Путники собрались вокруг него, хлопали по спине, трясли руку. Кто-то заиграл мелодию на концертино, другие присоединились. Появились кувшины и пошли по рукам. Как только Лафайету удалось освободиться, он воспользовался зеленым платком, чтобы вытереть пот со лба.

— Большое спасибо, — сказал он Гизели. — Я вам очень благодарен за участие, мисс.

Она порывисто сжала его руку и взглянула на него с ослепительной улыбкой. Глаза ее были огромные, темные с искринкой, носик приятно вздернут, губы очаровательно изогнуты, а щеки — с ямочками.

— Не думай об этом, Зорито. В конце концов, я же не могла отдать тебя им на растерзание, правда?

— Рад, что хоть кто-то здесь так думает. Но как же мне все-таки попасть домой? Не могли бы вы помочь мне нанять лошадь — только на ночь, конечно…

Взрыв смеха с галерки был ответом на вопрос. Гизель поджала губы и властно взяла Лафайета за руку.

— Ну и шутник же ты, Зорито! — сухо произнесла она, а потом улыбнулась.

— Но это все равно. Я тебя люблю несмотря ни на что! А теперь — праздновать! — Она схватила его за руку и закружила под звуки музыки.

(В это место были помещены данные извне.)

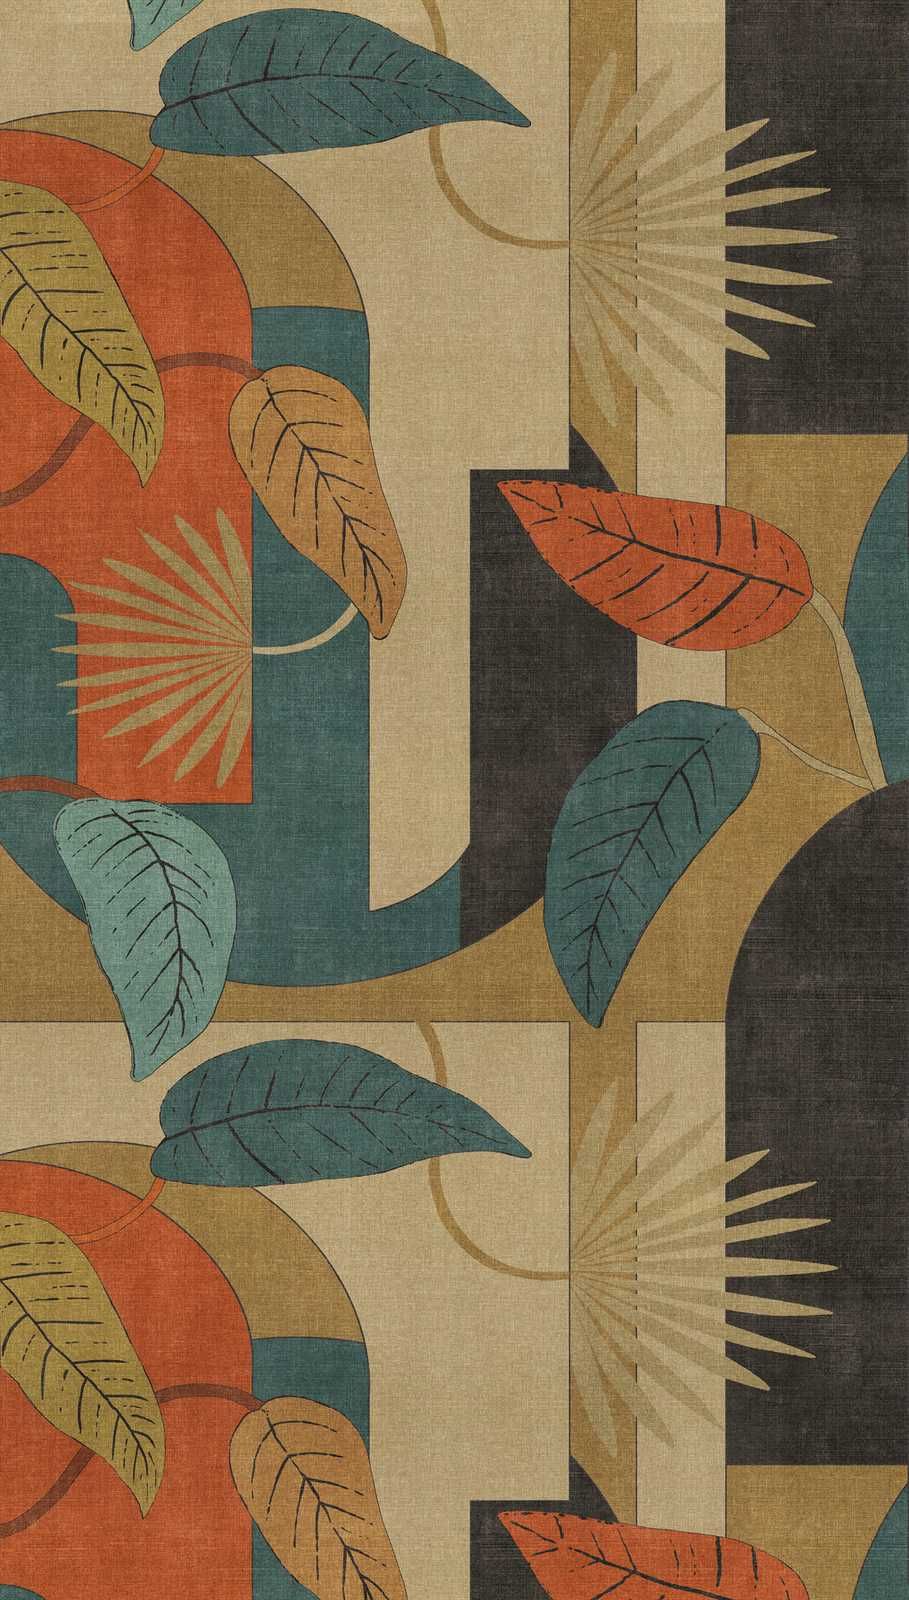             Abstract vliesbehang met bladeren en grafische patronen - beige, blauw, rood
        
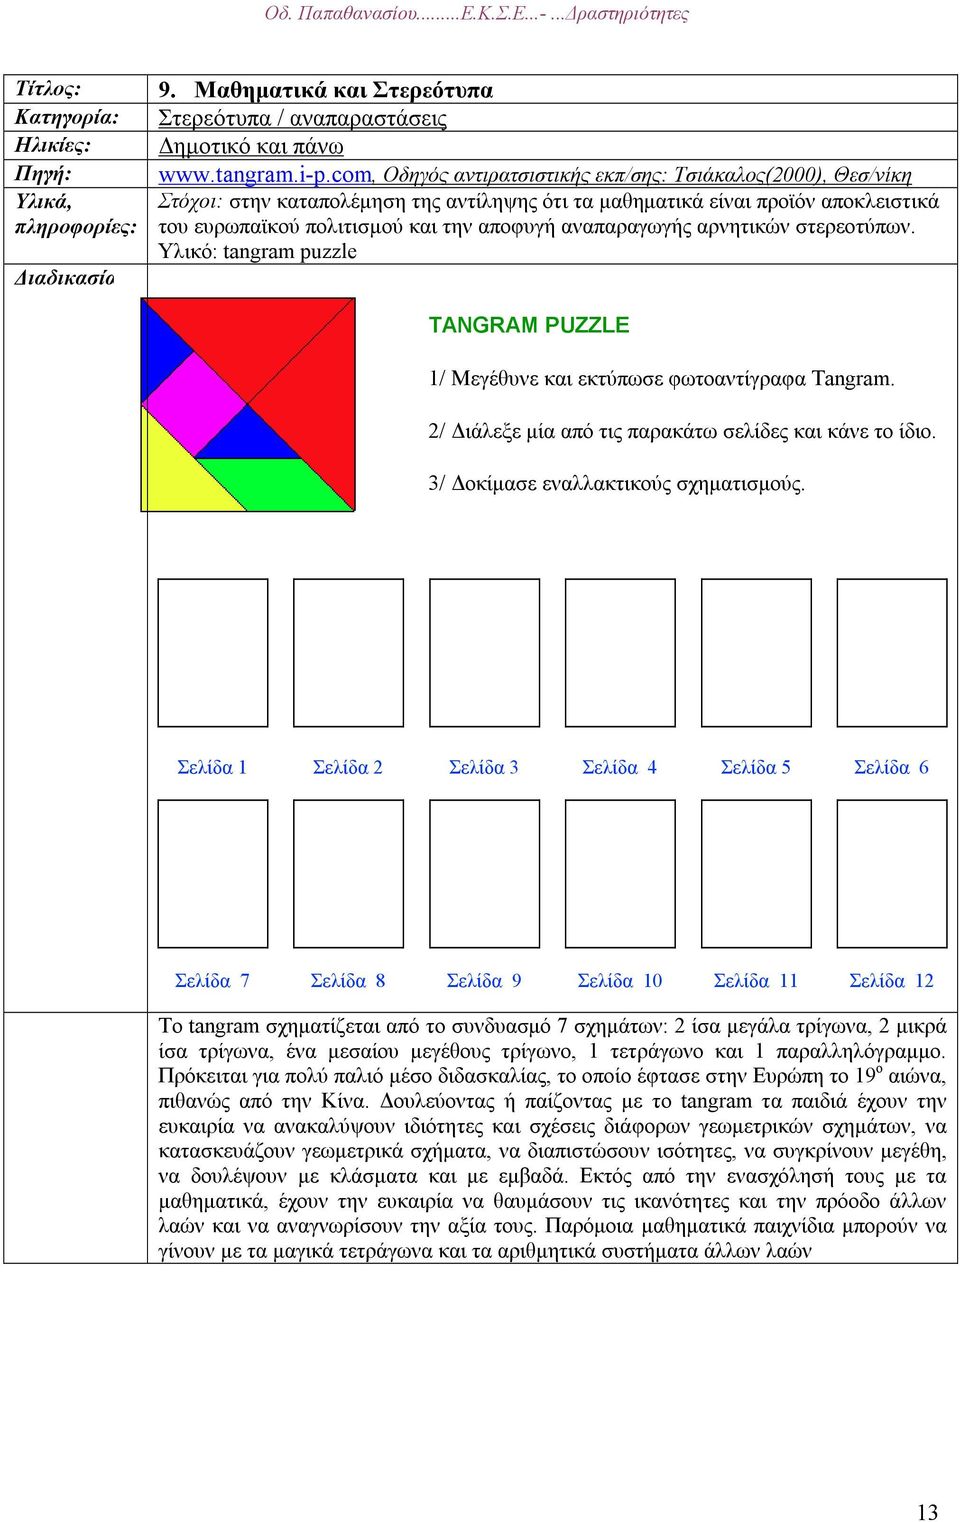 αναπαραγωγής αρνητικών στερεοτύπων. Υλικό: tangram puzzle TANGRAM PUZZLE 1/ Μεγέθυνε και εκτύπωσε φωτοαντίγραφα Tangram. 2/ ιάλεξε µία από τις παρακάτω σελίδες και κάνε το ίδιο.

Прошло три часа. В двадцатигаллоновой цистерне оставалось полдюйма пунша с осадком и кашицей; жареного вола ободрали до костей. Музыканты уже давно сползли под скамьи и храпели. Только несколько крепких выпивох еще хрипло орали старые песни Путников. Гизель ненадолго удалилась по своим делам. Действовать нужно было сейчас или никогда.

Лафайет поставил кожаную чашу, которую нежно держал, и молча скользнул в тень. Никто его не окликнул. Он пересек залитый лунным светом участок лужайки и притаился в тени деревьев. Пьяное пение не прекращалось. Лафайет повернулся и скрылся в лесу.